Let $x_{n} = \sqrt{1 + \sqrt{2 + \sqrt{3 + ...+\sqrt{n}}}}$
a) Show that $x_{n} < x_{n+1}$
b) Show that $x_{n+1}^{2} \leq 1+ \sqrt{2} x_{n}$
Hint : Square $x_{n+1}$ and factor a 2 out of the square root
c) Hence Show that $x_{n}$ is bounded above by 2. Deduce that $\lim\limits_{n\to \infty} x_{n}$ exists.
Any help? I don't know where to start.
On
Hints: Induction on
$$\bullet\;\;x_n<x_{n+1}\iff 1+\sqrt{2+\sqrt{3\ldots+\sqrt n}}<1+\sqrt{2+\sqrt{3+\ldots+\sqrt{n+\sqrt{n+1}}}}\iff$$
$$2+\sqrt{3+\ldots+\sqrt n}<2+\sqrt{3+\ldots\sqrt{n+1}}\iff\ldots$$
$$\bullet\bullet\;x_{n+1}^2=1+\sqrt{2+\sqrt{3+\ldots+\sqrt{n+1}}}\le 1+\sqrt2\left(\sqrt{1+\sqrt{2+\ldots+\sqrt n}}\right)=1+\sqrt2\,x_n$$
$$\iff\left(\sqrt{2+\sqrt{3+\ldots+\sqrt{n+1}}}\right)\le\sqrt{2+2\sqrt{2+\ldots+\sqrt n}}\iff\ldots$$
For (c) you're already done with (a)-(b) since then you have a monotone ascending sequence bounded from above, so the sequence's limit equals its supremum...
On
10 days old question, but .
a) Is already clear, that $ \sqrt{1 + \sqrt{2 + \sqrt{3 + ...+\sqrt{n}}}} < \sqrt{1 + \sqrt{2 + \sqrt{3 + ...+\sqrt{n+1}}}}$ , because $\sqrt{n} <\sqrt{n} + \sqrt{n+1}$ which is trivial.

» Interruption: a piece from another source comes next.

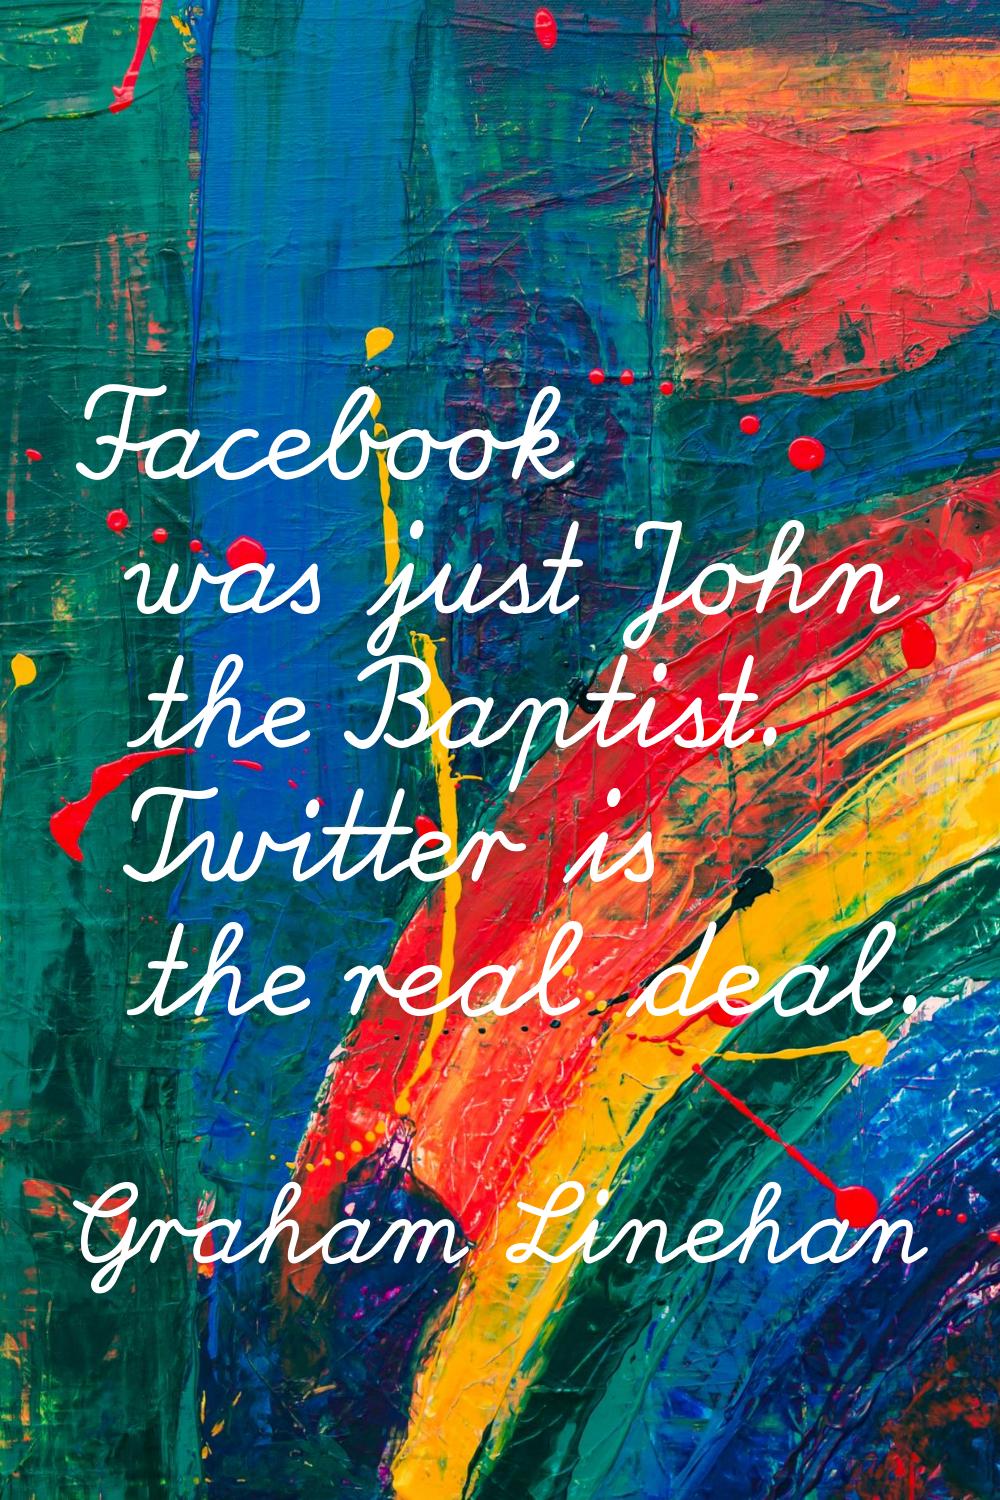 Facebook was just John the Baptist. Twitter is the real deal.
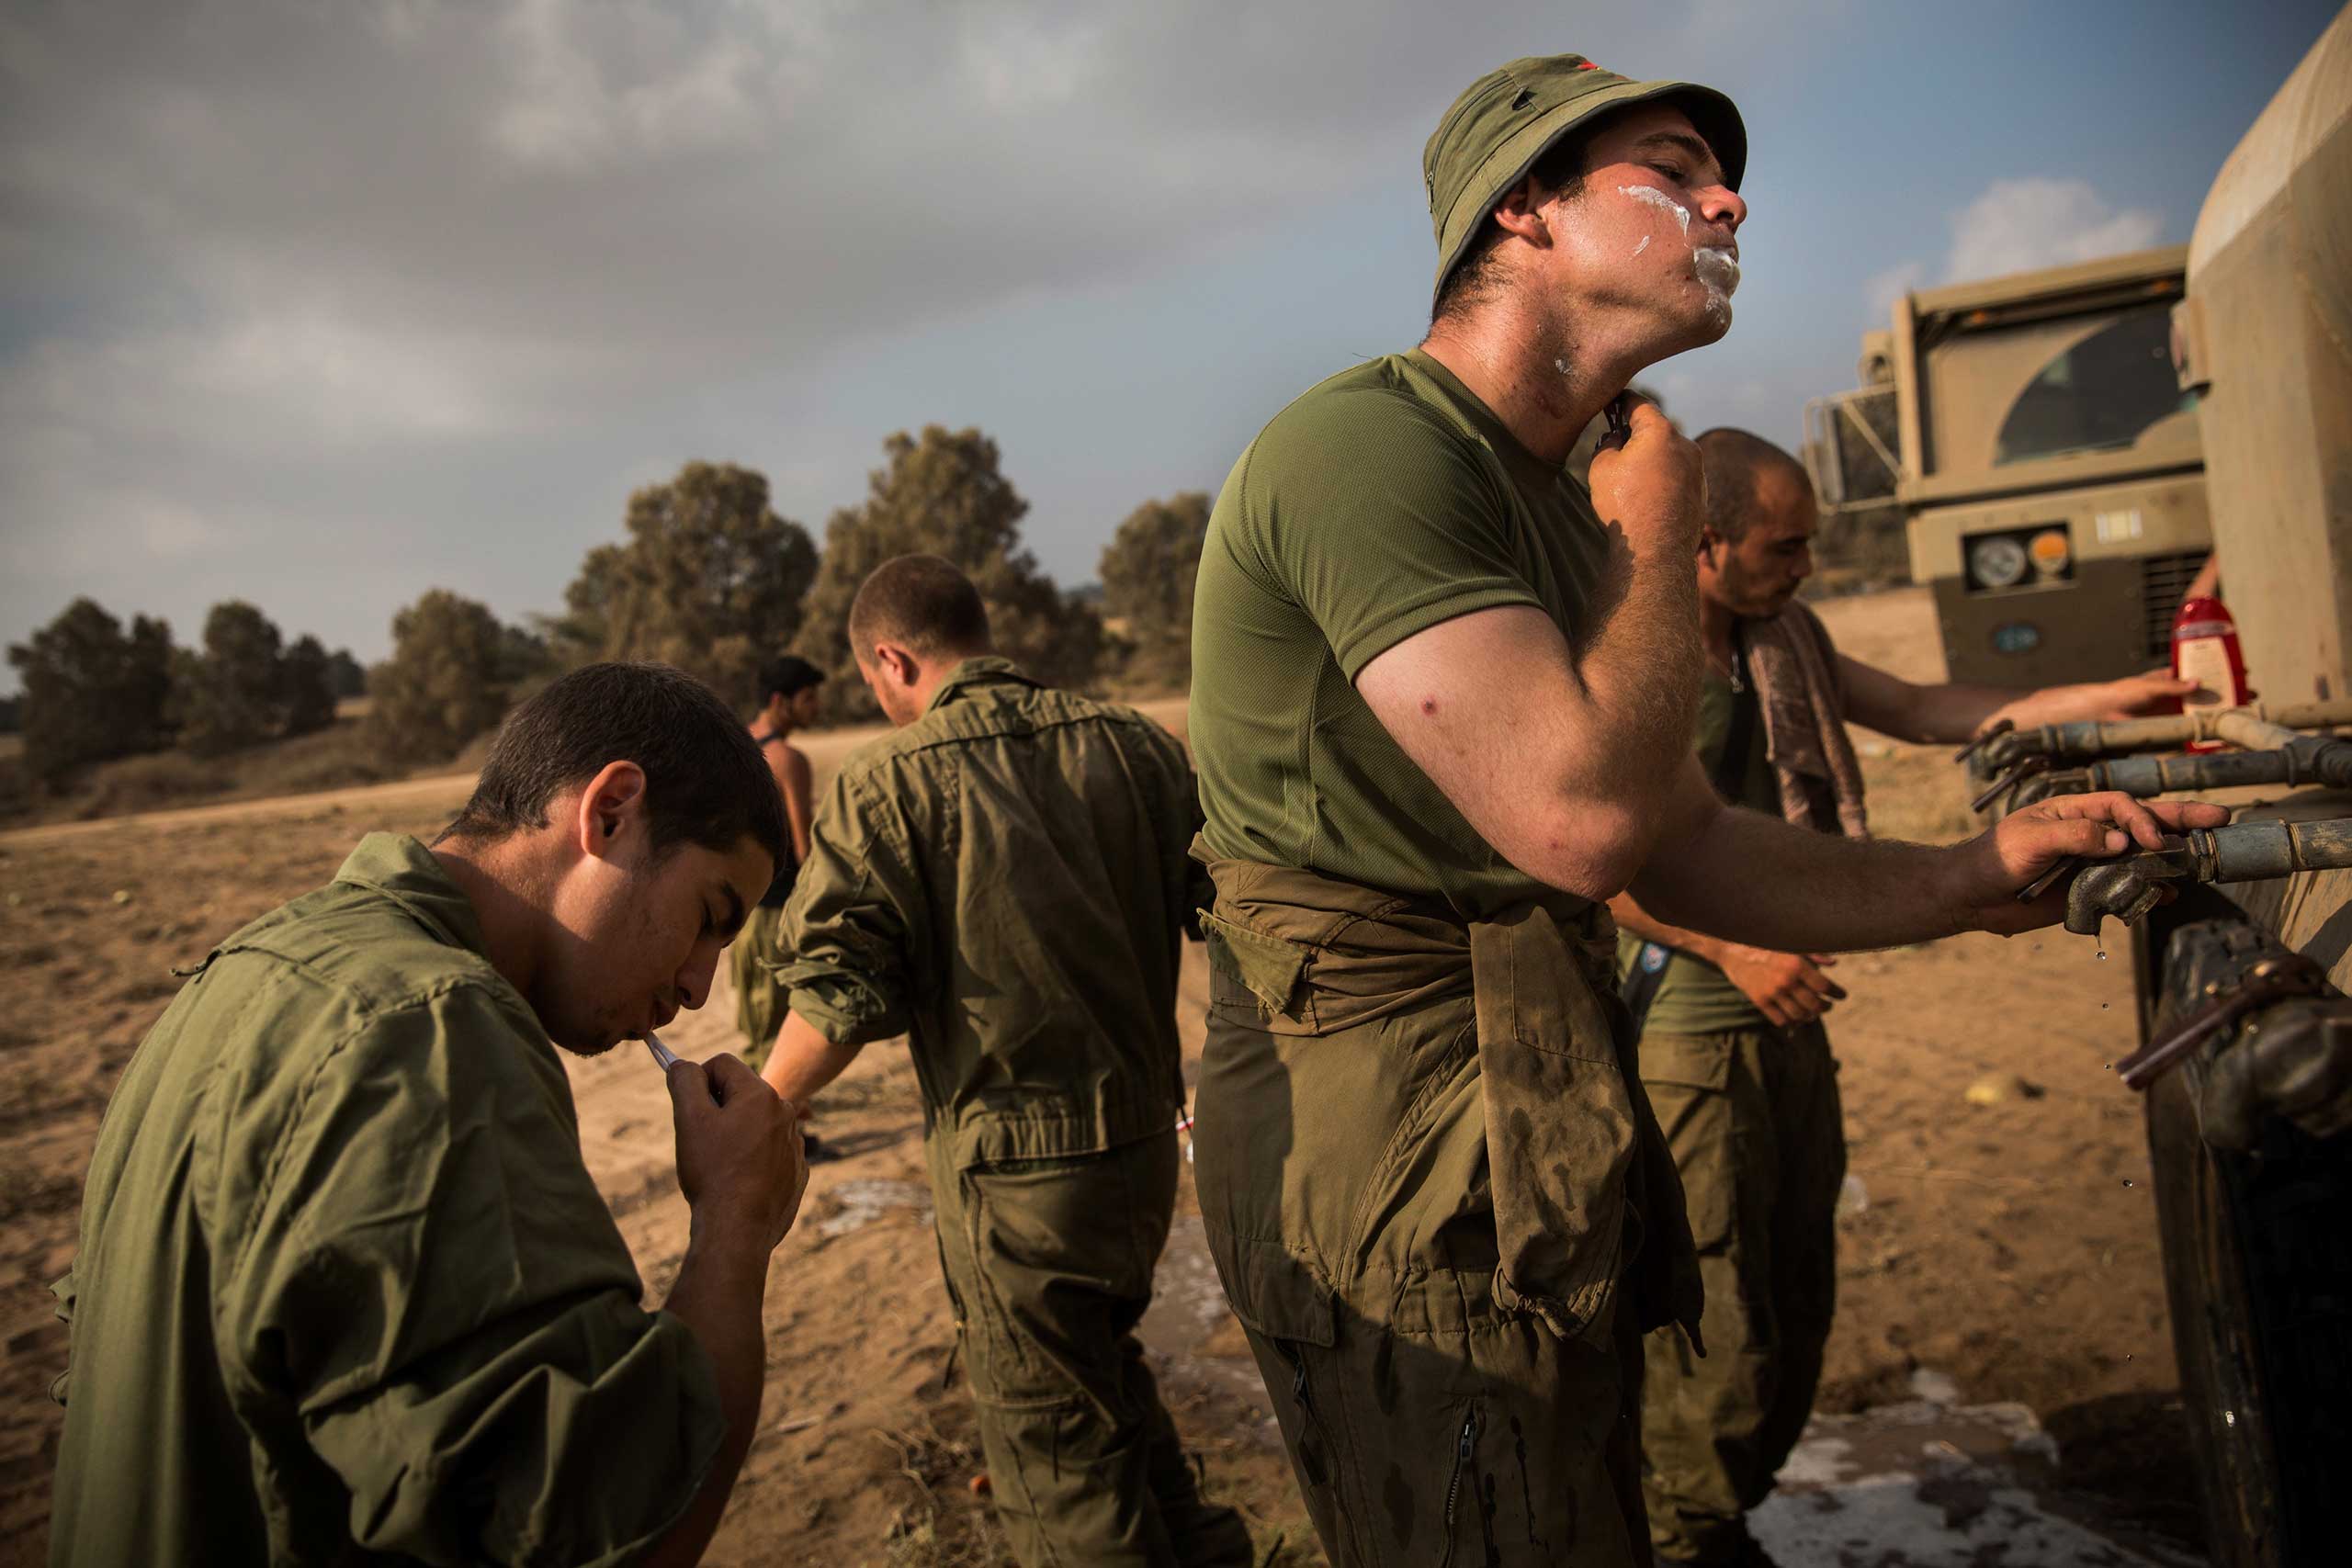 An Israeli soldier shaves near Kafar Azza, Israel on the morning of July 28, 2014.

My point here is to give some opinion about b) and c), for me it's better to do the c) first. We know that : $$ \sqrt{1 + \sqrt{2 + \sqrt{3 + ...+\sqrt{n}}}} < \sqrt{p+\sqrt{p+\sqrt{p+ ... }}} $$
But it is only true for $q\leq p<\infty $ for $q \in \mathbb{Z}^{+}$. Because it is trivial that
$$ \sqrt{1 + \sqrt{2 + \sqrt{3 + ...+\sqrt{n}}}} > \sqrt{1+\sqrt{1+\sqrt{1+ ... }}} $$
Let $x=\sqrt{2+\sqrt{2+\sqrt{2+ ... }}}$, then $x^2=2+ \sqrt{2+\sqrt{2+\sqrt{2+ ... }}} \rightarrow x^2-x-2=0 $, thus $x=2$, because $x>0$.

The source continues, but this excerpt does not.